SOURCE_GOLD = source sentences (i.e. input to the error correction system) and the gold annotation in TOKEN offsets (starting from zero).

Format:

S <tokenized system output for sentence 1>
A <token start offset> <token end offset>|||<error type>|||<correction1>||<correction2||..||correctionN|||<required>|||<comment>|||<annotator id>
A <token start offset> <token end offset>|||<error type>|||<correction1>||<correction2||..||correctionN|||<required>|||<comment>|||<annotator id>

S <tokenized system output for sentence 2>
A <token start offset> <token end offset>|||<error type>|||<correction1>||<correction2||..||correctionN|||<required>|||<comment>|||<annotator id>

Notes:

  • Each source sentence should appear on a single line starting with "S "
  • Each source sentence is followed by zero or more annotations.
  • Each annotation is on a separate line starting with "A ".
  • Sentences are separated by one or more empty lines.
  • The source sentences need to be tokenized in the same way as the system output.
  • Start and end offset for annotations are in token offsets (starting from zero).
  • The gold edits can include one or more possible correction strings. Multiple corrections should be separate by '||'.
  • The error type, required field, and comment are not used for scoring at the moment.
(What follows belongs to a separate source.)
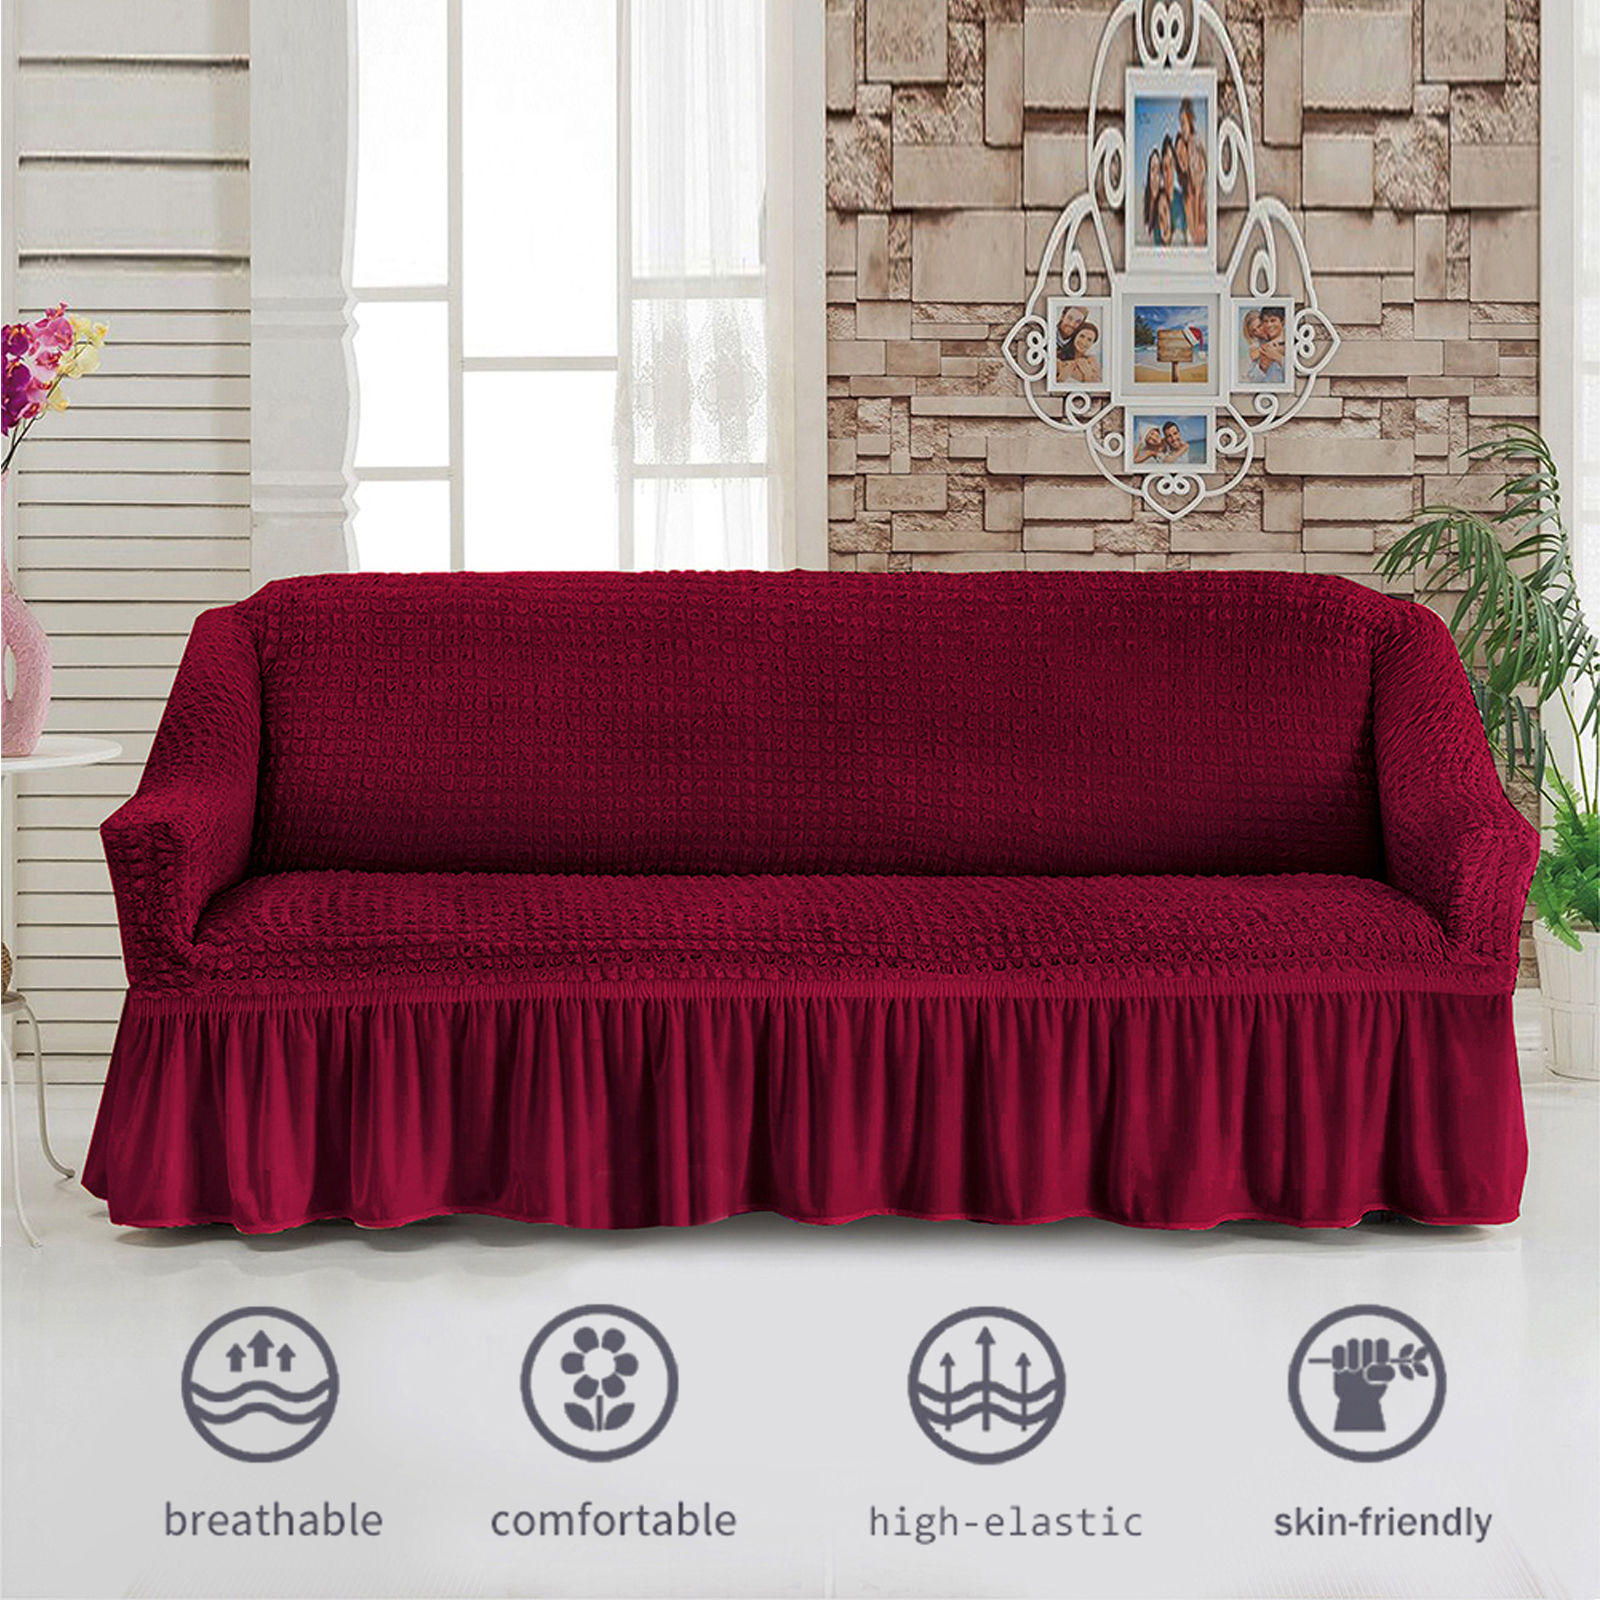 Stretch Sofa Slipcover, 3 Seater Sofa Slipcovers With Skirt With Armless Soft Sofa Cover Elastic Straps Sofa Slipcover For Living Room Kids Pets-red-X-Large

You can put dummy values there.
  • The annotator ID is used to identify a distinct annotation set by which system edits will be evaluated.
    • Each distinct annotation set, identified by an annotator ID, is an alternative
    • If one sentence has multiple annotator IDs, score will be computed for each annotator.
    • If one of the multiple annotation alternatives is no edit at all, an edit with type 'noop' or with offsets '-1 -1' must be specified.
    • The final score for the sentence will use the set of edits by an annotation set maximizing the score.

Example:

The gold annotation file can be found here: example/source_gold

S The cat sat at mat .
A 3 4|||Prep|||on|||REQUIRED|||-NONE-|||0
A 4 4|||ArtOrDet|||the||a|||REQUIRED|||-NONE-|||0

S The dog .
A 1 2|||NN|||dogs|||REQUIRED|||-NONE-|||0
A -1 -1|||noop|||-NONE-|||-NONE-|||-NONE-|||1

S Giant otters is an apex predator .
A 2 3|||SVA|||are|||REQUIRED|||-NONE-|||0
A 3 4|||ArtOrDet|||-NONE-|||REQUIRED|||-NONE-|||0
A 5 6|||NN|||predators|||REQUIRED|||-NONE-|||0
A 1 2|||NN|||otter|||REQUIRED|||-NONE-|||1

Let the system output, example/system be

A cat sat on the mat .
The dog .
Giant otters are apex predator .

Run the M^2Scorer as follows:

./m2scorer example/system example/source_gold 

The evaluation output will be will be:

Precision   : 0.8000
Recall      : 0.8000
F_0.5       : 0.8000

Explanation: For the first sentence, the system makes two valid edits {(at-> on), (\epsilon -> the)} and one invalid edit (The -> A).

For the second sentence, despite missing one gold edit (dog -> dogs) according to annotation set 0, the system misses nothing according to set 1.

For sentence #3, according to annotation set 0, the system makes two valid edits {(is -> are), (an -> \epsilon)} and misses one edit (predator -> predators); however according to set 1, the system makes two unnecessary edits {(is -> are), (an -> \epsilon)} and misses one edit (otters -> otter).

By the case above, there are four valid edits, one unnecessary edit, and one missing edit. Therefore precision is 4/5 = 0.8. Similarly for recall. In the above example, the beta value for the F-measure is 0.5 (the default value).

###Converting the CoNLL-2014 data format The data format used in the M^2 scorer differs from the format used in the CoNLL-2014 shared task (http://www.comp.nus.edu.sg/~nlp/conll14st.html) in two aspects:

  • sentence-level edits
  • token edit offsets

To convert source files and gold edits from the CoNLL-2014 format into the M^2 format, run the preprocessing script bundled with the CoNLL-2014 training data.